● ASSIGNMENT: Every line of the material is to be quoted verbatim, minus the pictures.

● DATASET SECTION:
·····
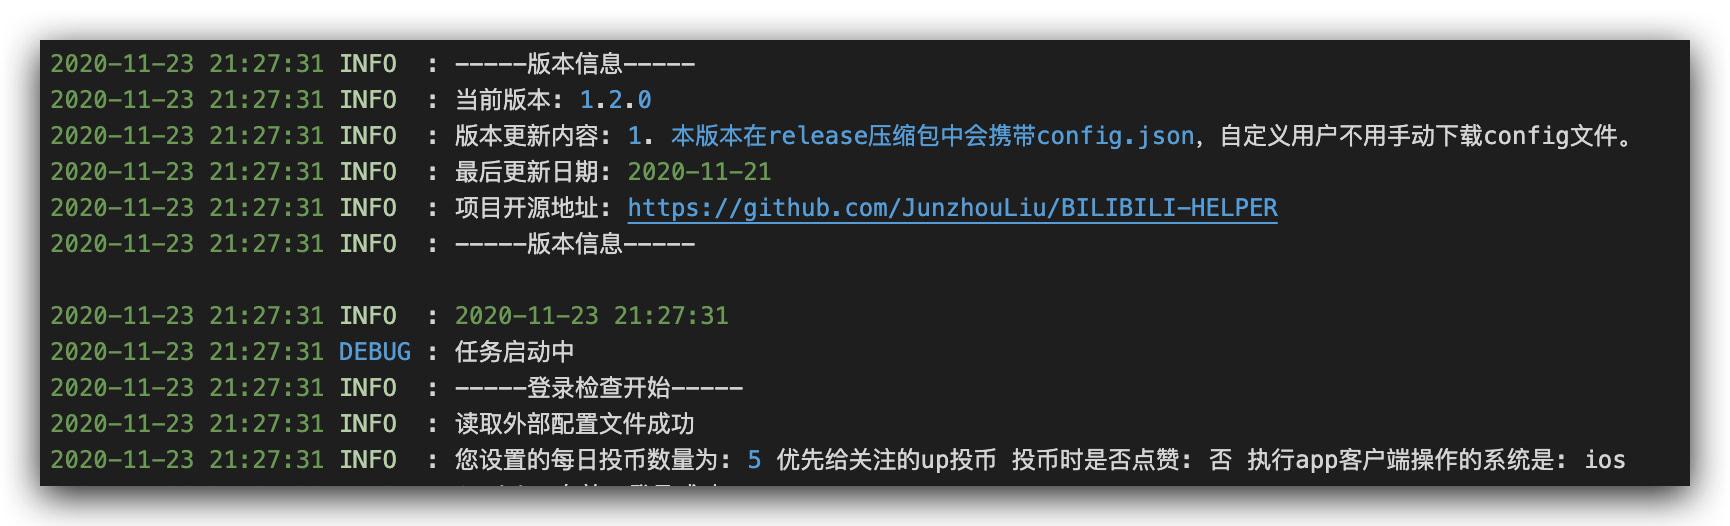 Xnip2020-11-23_21-27-51
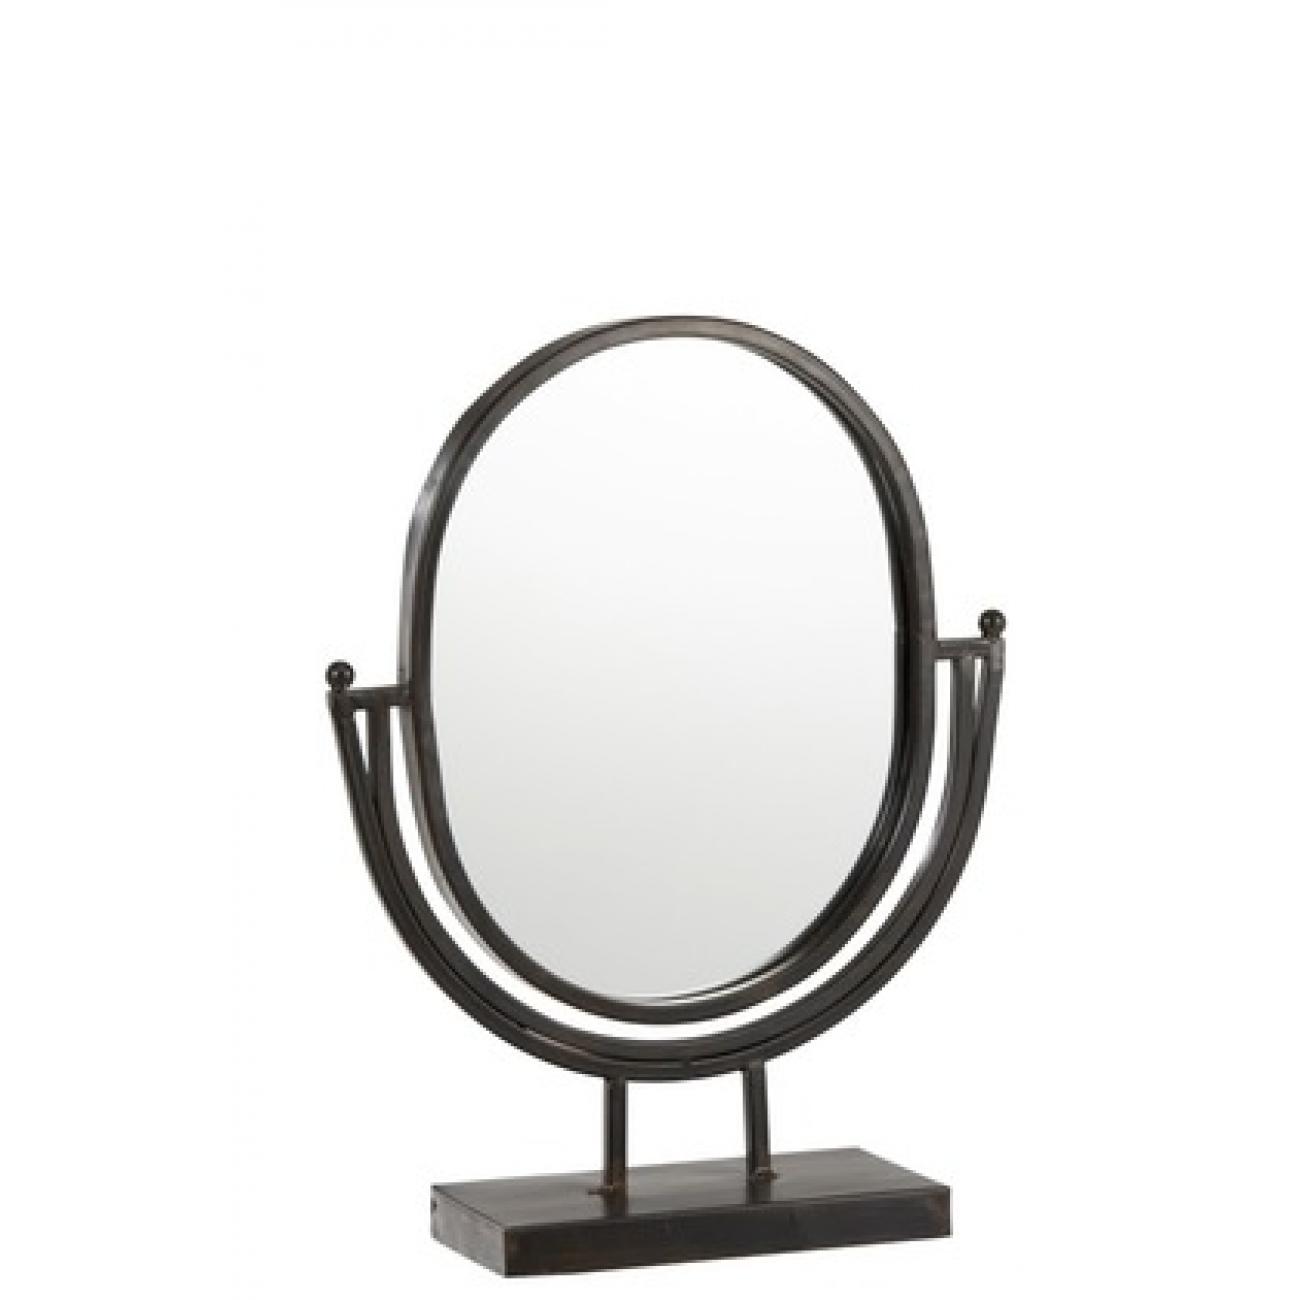 Зеркало J-LINE овальное настольное в металлической раме на ножках черное 29х37 см Бельгия
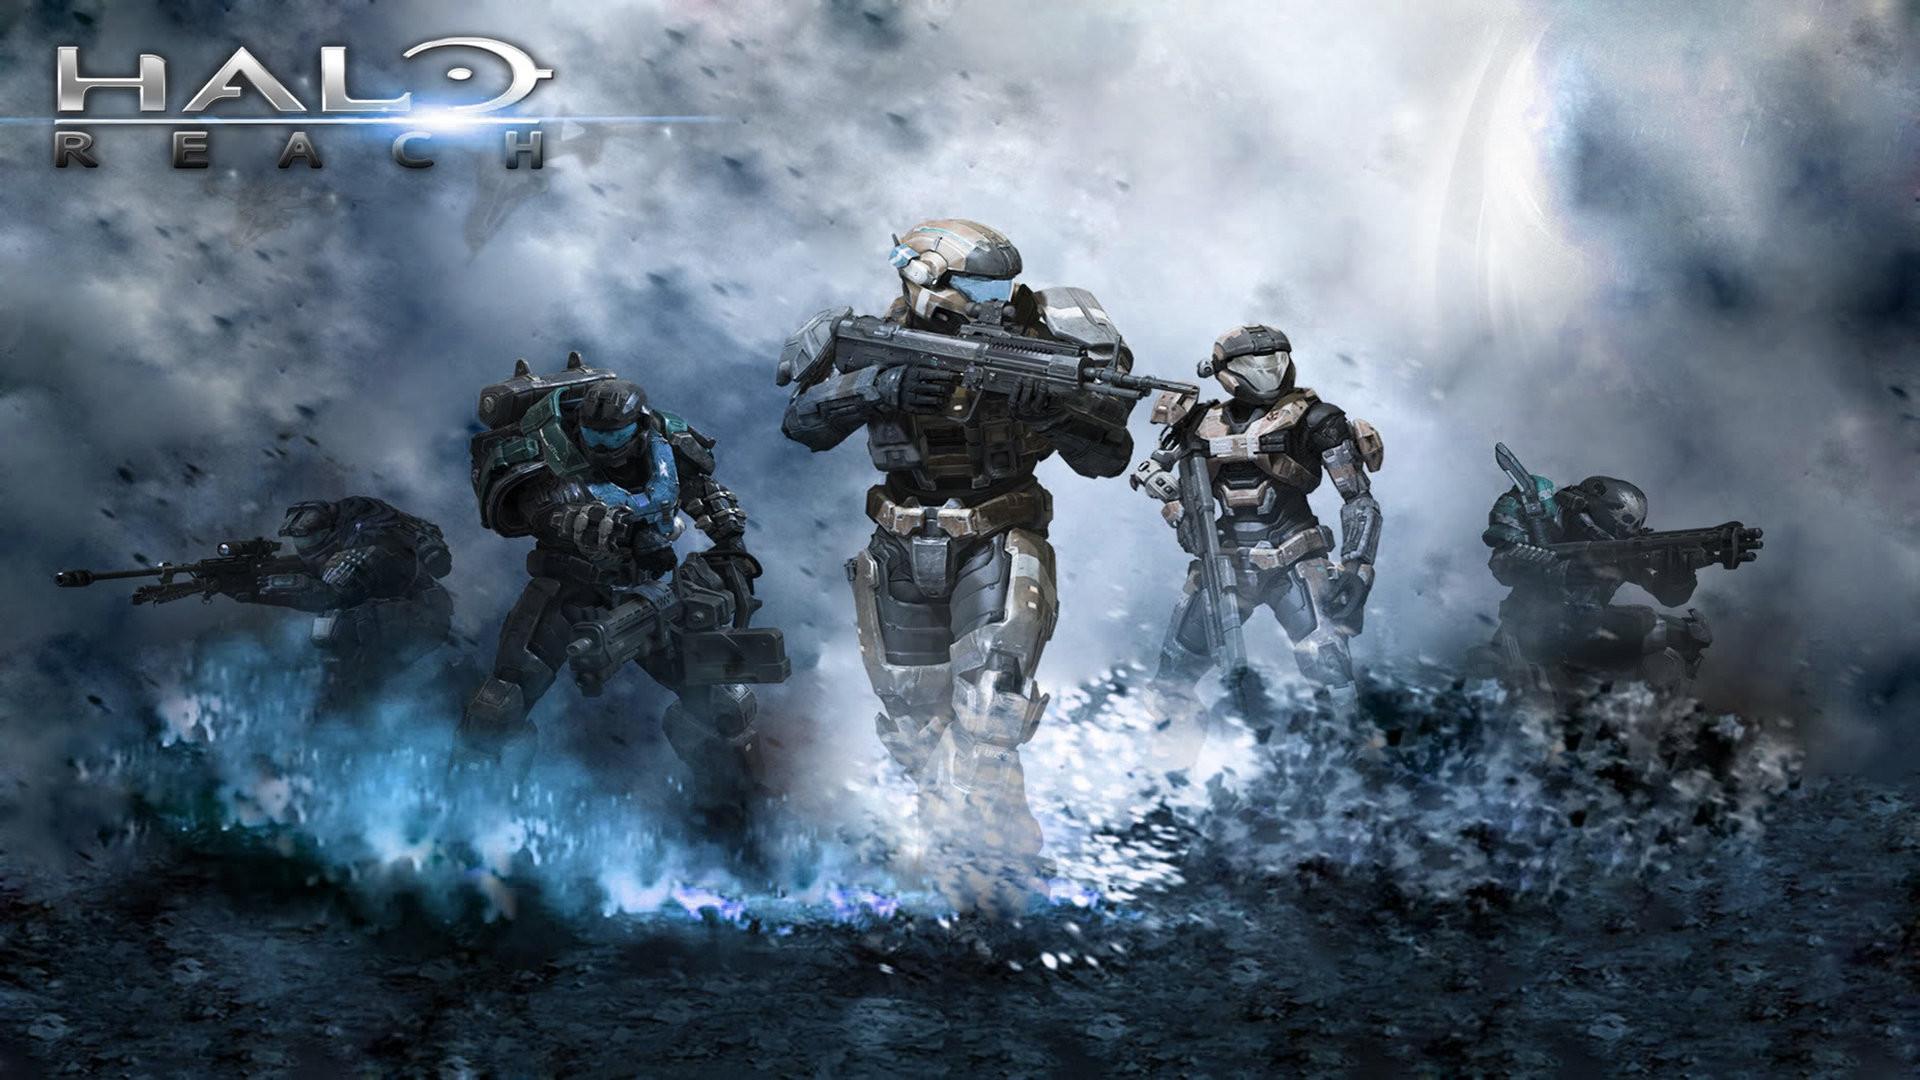 Halo 3 Wallpaper Hd Wallpapertag
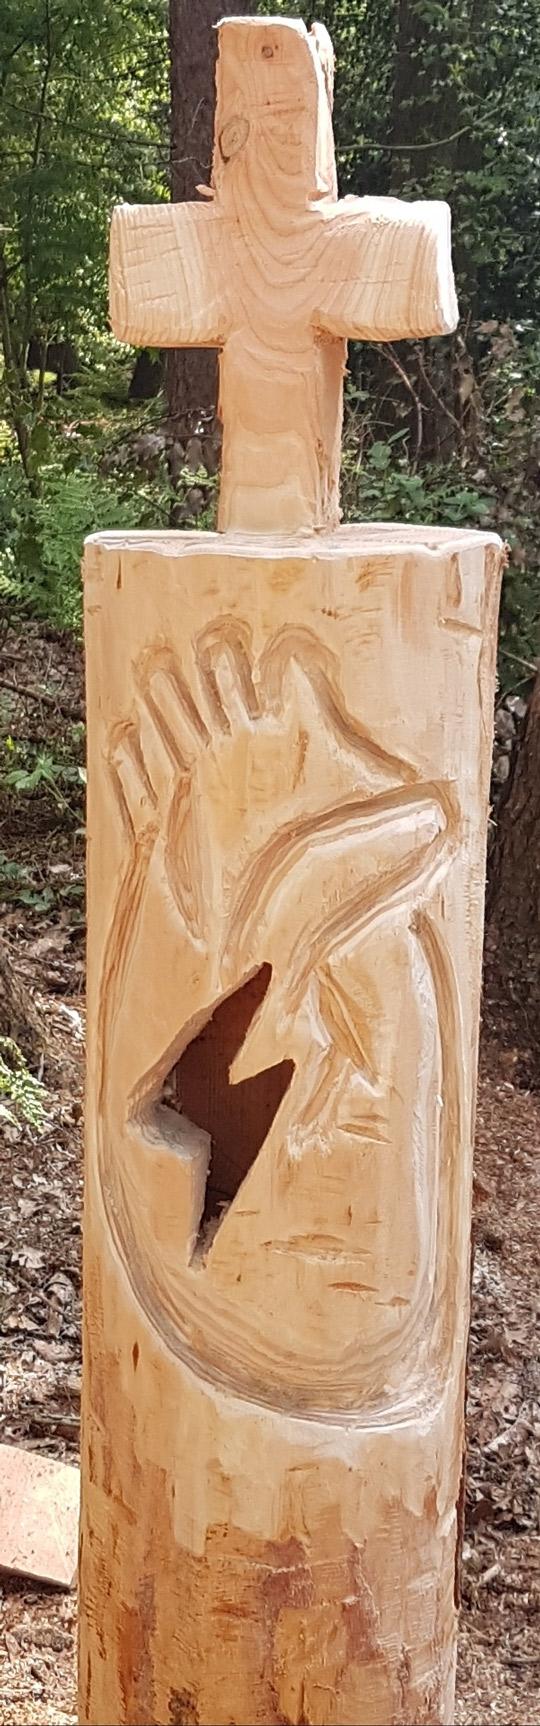 Holzlampe selber bauen
·····
● ANSWER SECTION:
 Xnip2020-11-23_21-27-51
 Зеркало J-LINE овальное настольное в металлической раме на ножках черное 29х37 см Бельгия
 Halo 3 Wallpaper Hd Wallpapertag
 Holzlampe selber bauen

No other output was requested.